Fighting talk Mr Hammond and how worthy of you to offer to carry the flag of this noble project. We will start a mini revolution of our own. No more clandestine policy making meetings of bygone times for which people were never held to account! No more!

From its inception, the whole thing had been either, at best, a mess-in-waiting or, at worst, a mess already apparent. It began, more or less, at a meeting in Downing Street between a prime minister who knew next to nothing about computers and a clutch of computer enthusiasts. It was wildly overambitious. It was far from being essential.

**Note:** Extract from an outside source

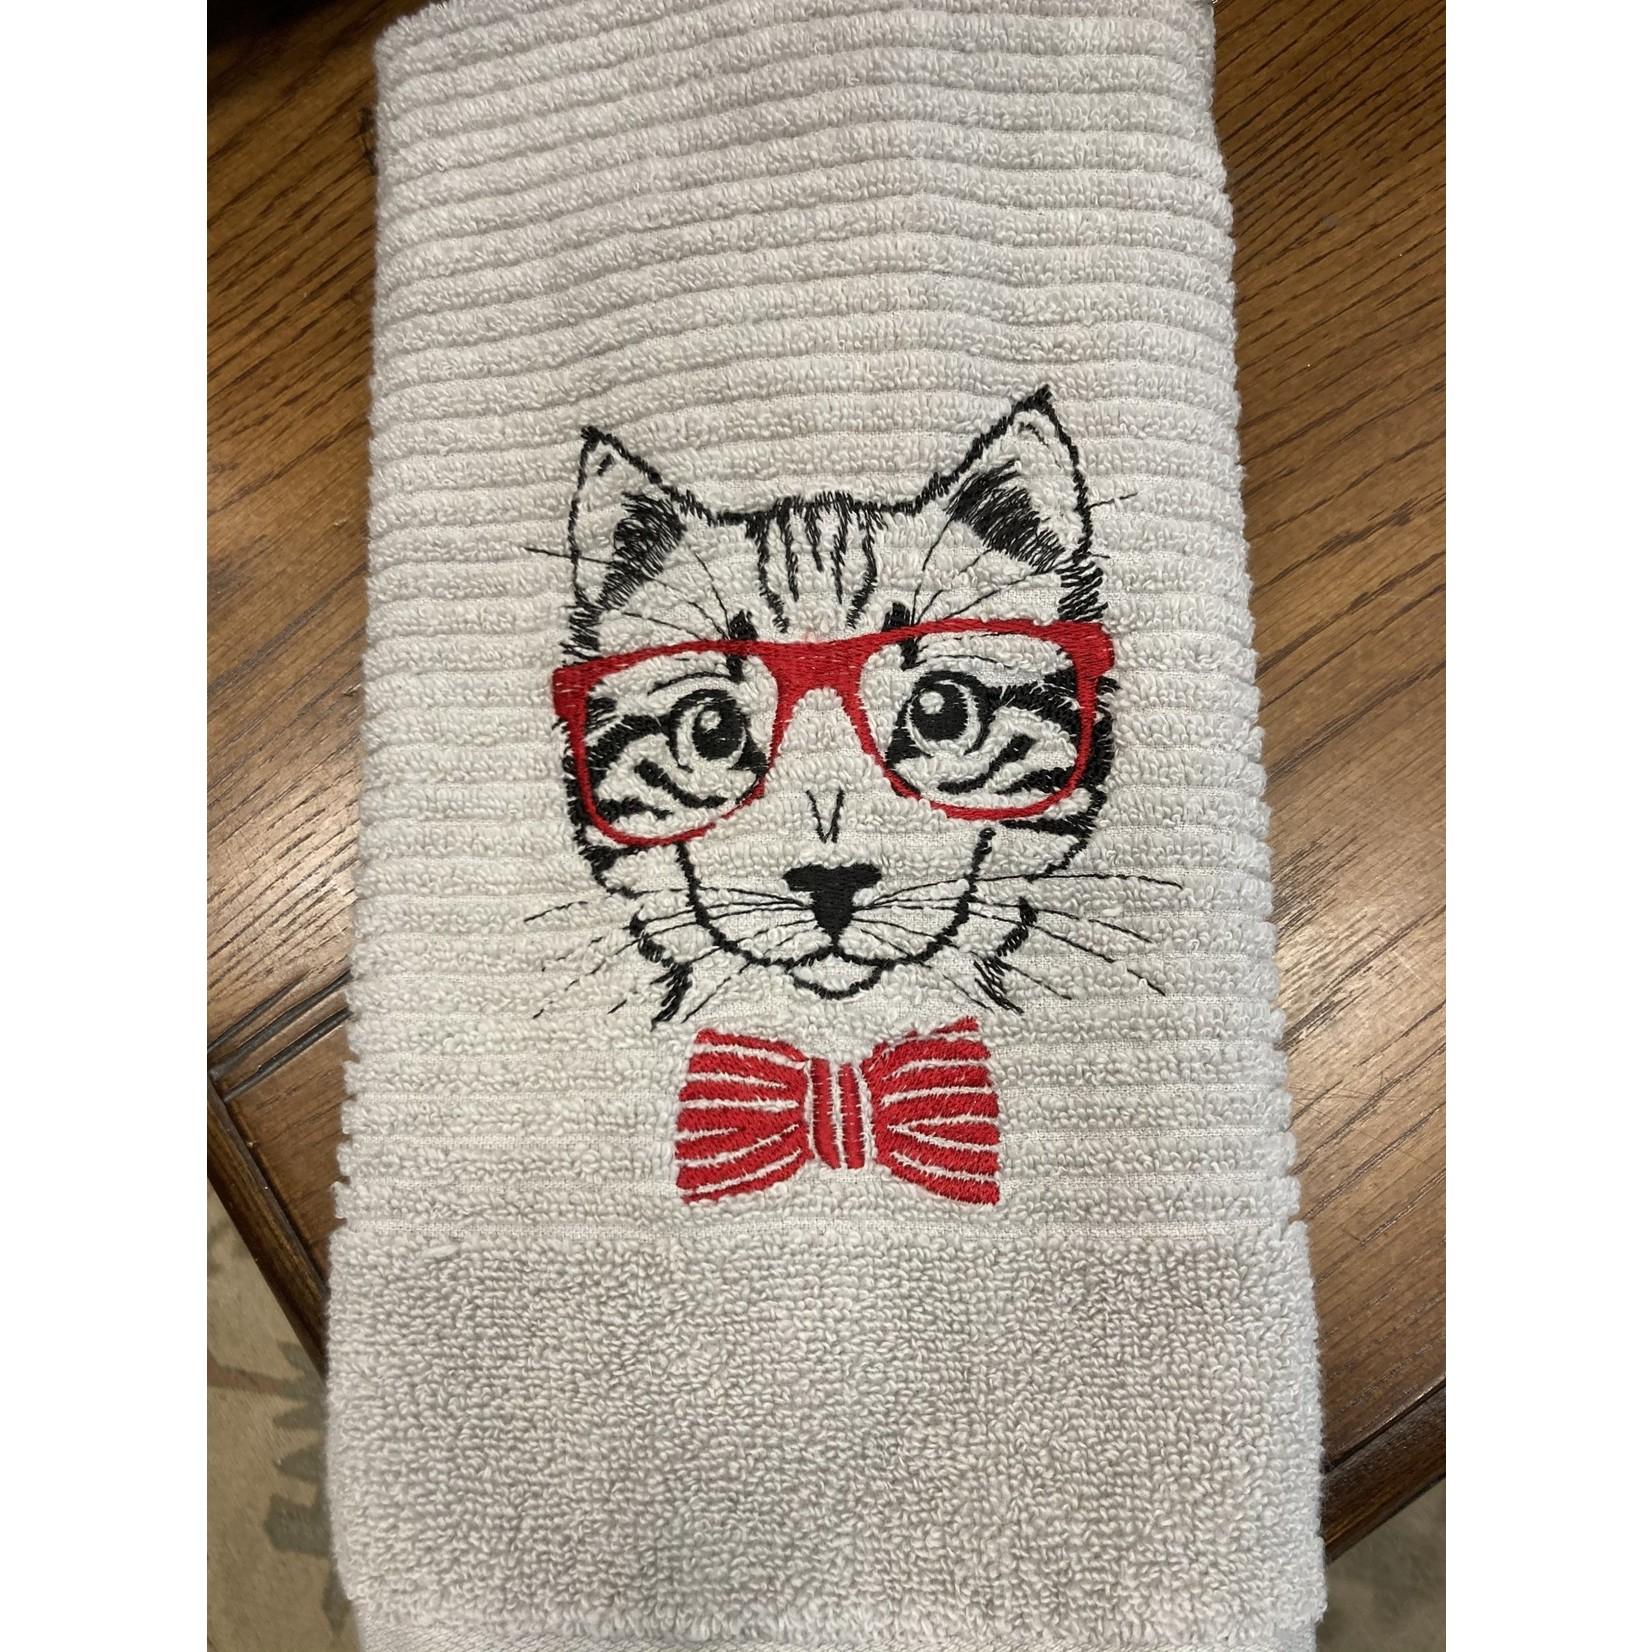 Handmade by Carol Handmade by Carol | Grey handtowel |Red cat with glasses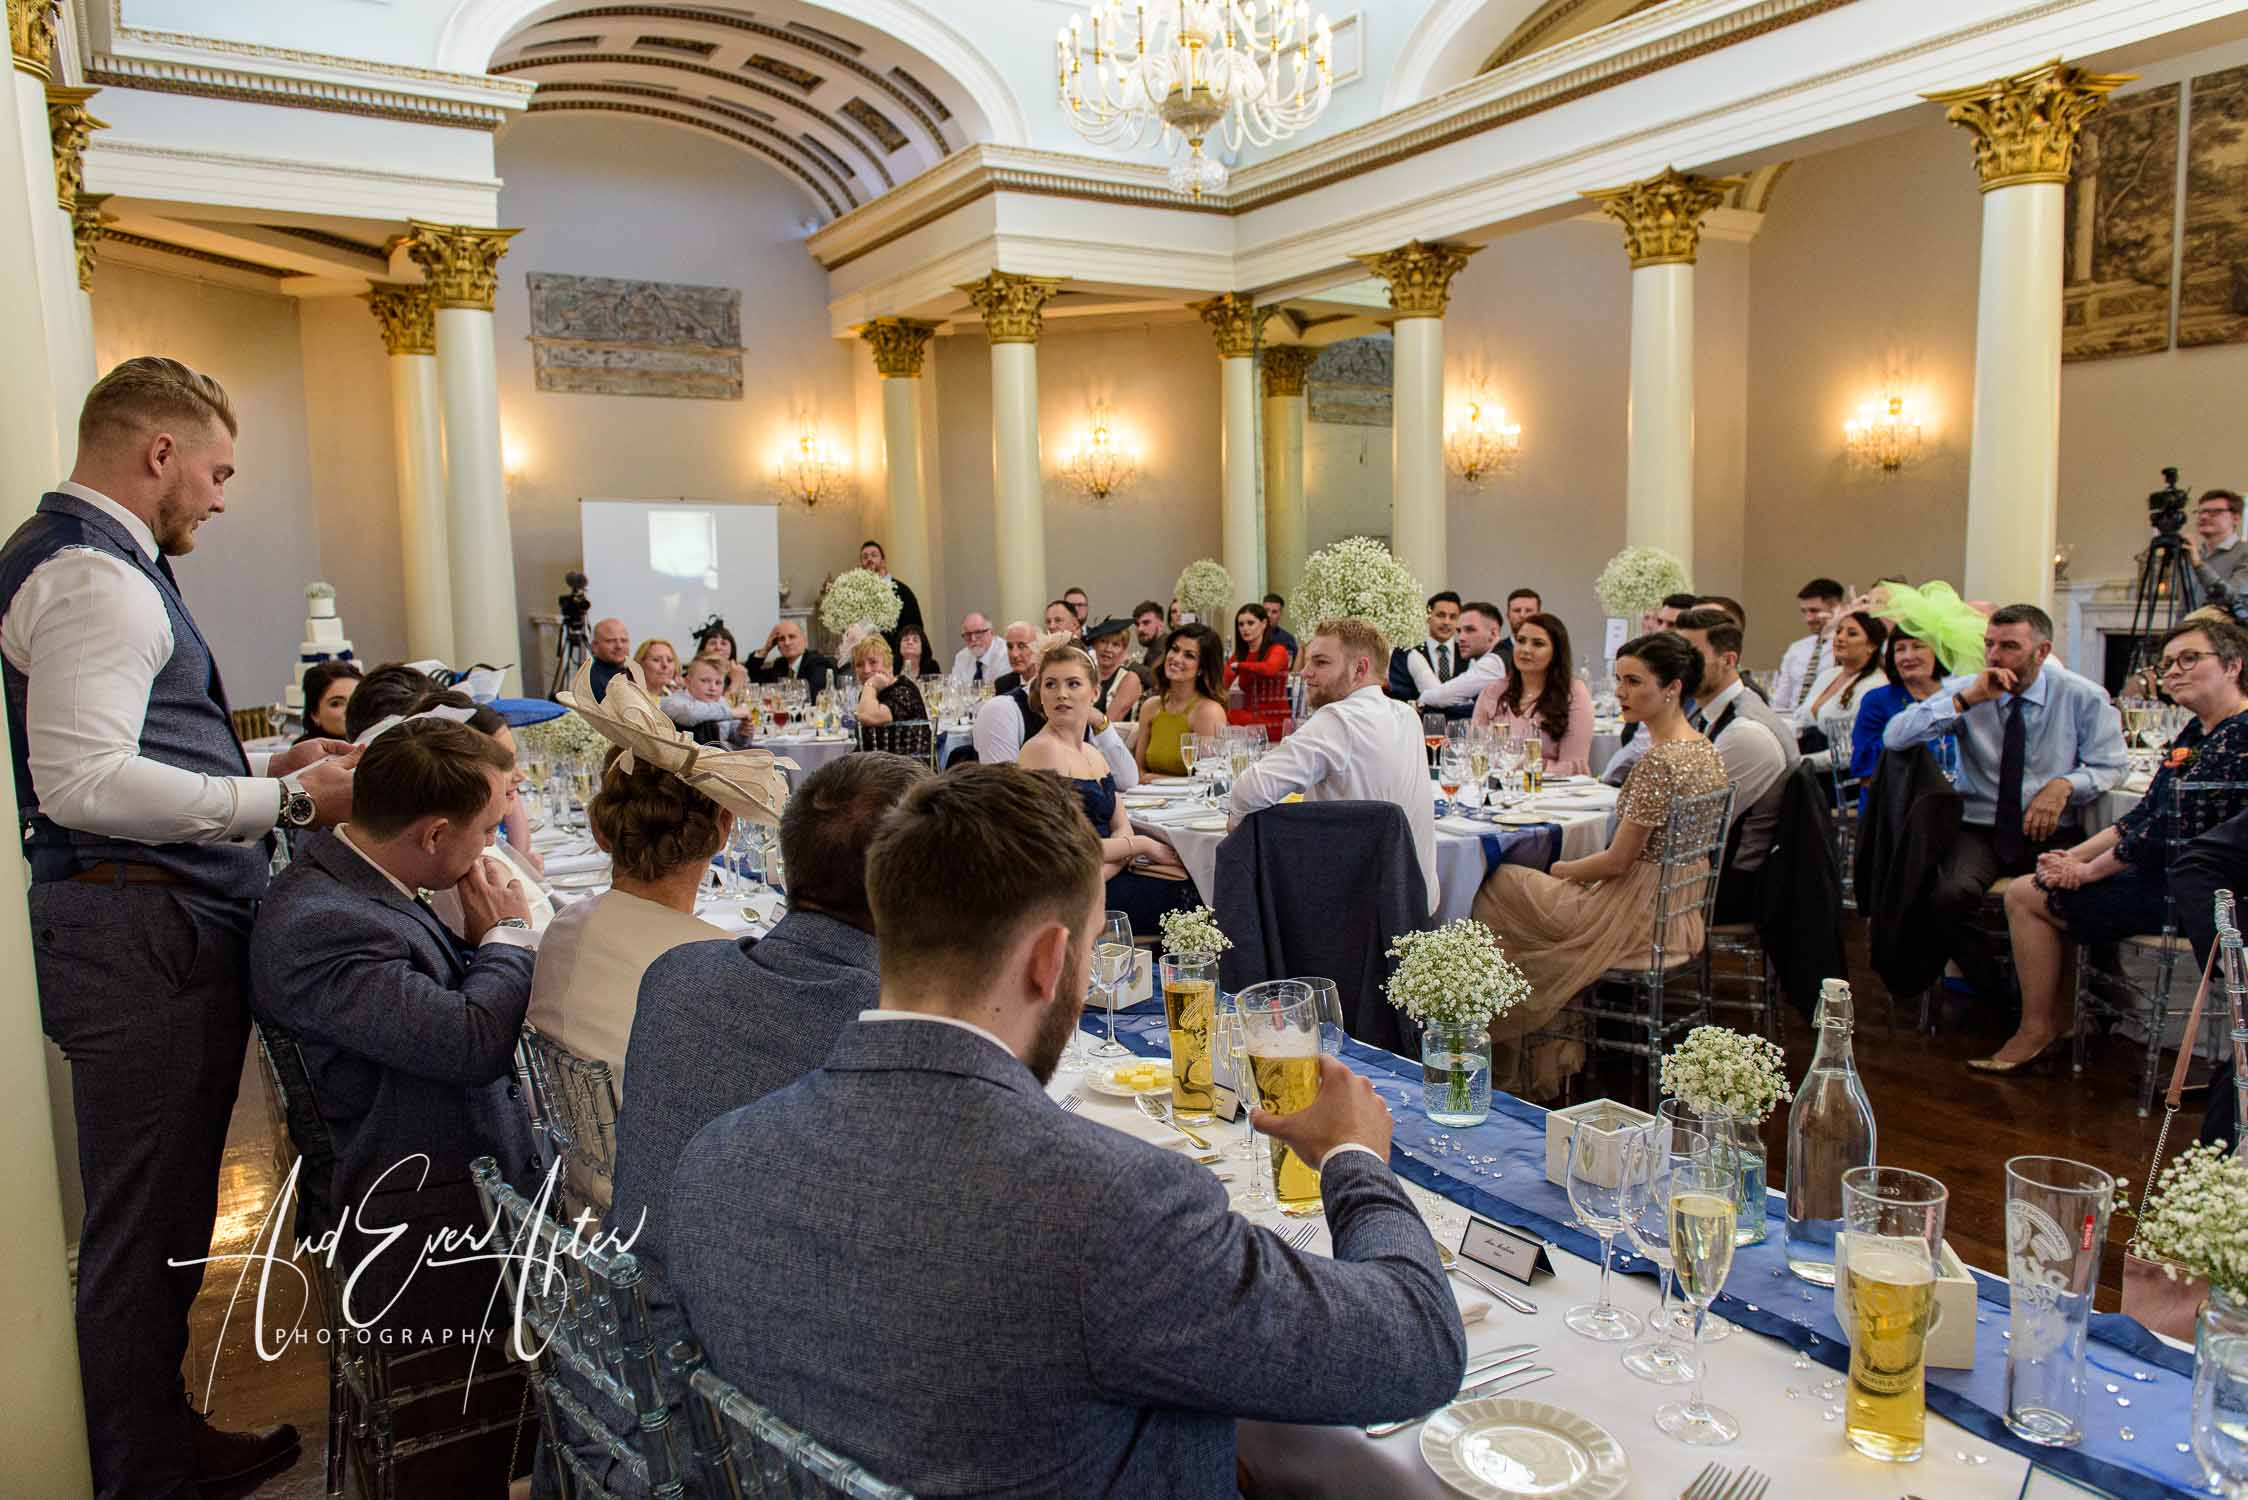 lartington hall wedding venue, wedding breakfast speeches

No one ever seems to have subjected it to a serious -or even a back-of-the-envelope -cost-benefit analysis. The programme’s alleged benefits, even if they accrued, were going to be outweighed many times over by its exorbitant costs. No one ever thought to ask medical administrators and practitioners whether it was a high-priority project from their own point of view, or how they expected this ambitious new programme to mesh with their existing IT arrangements, or whether they would want to opt into the new system, or, come to that, whether they believed the proposed new system could actually be made to work.... Many billions of pounds, rather than mere millions, had been wasted,.... a frequently talked about figure was £20 billion, more than enough to build three dozen general hospitals” (Anthony King and Ivor Crewe distil a scene from the 1990s in the scathing The Blunders of Our Governments).

Over to you Mr Chancellor. We hope the farce isn’t with you.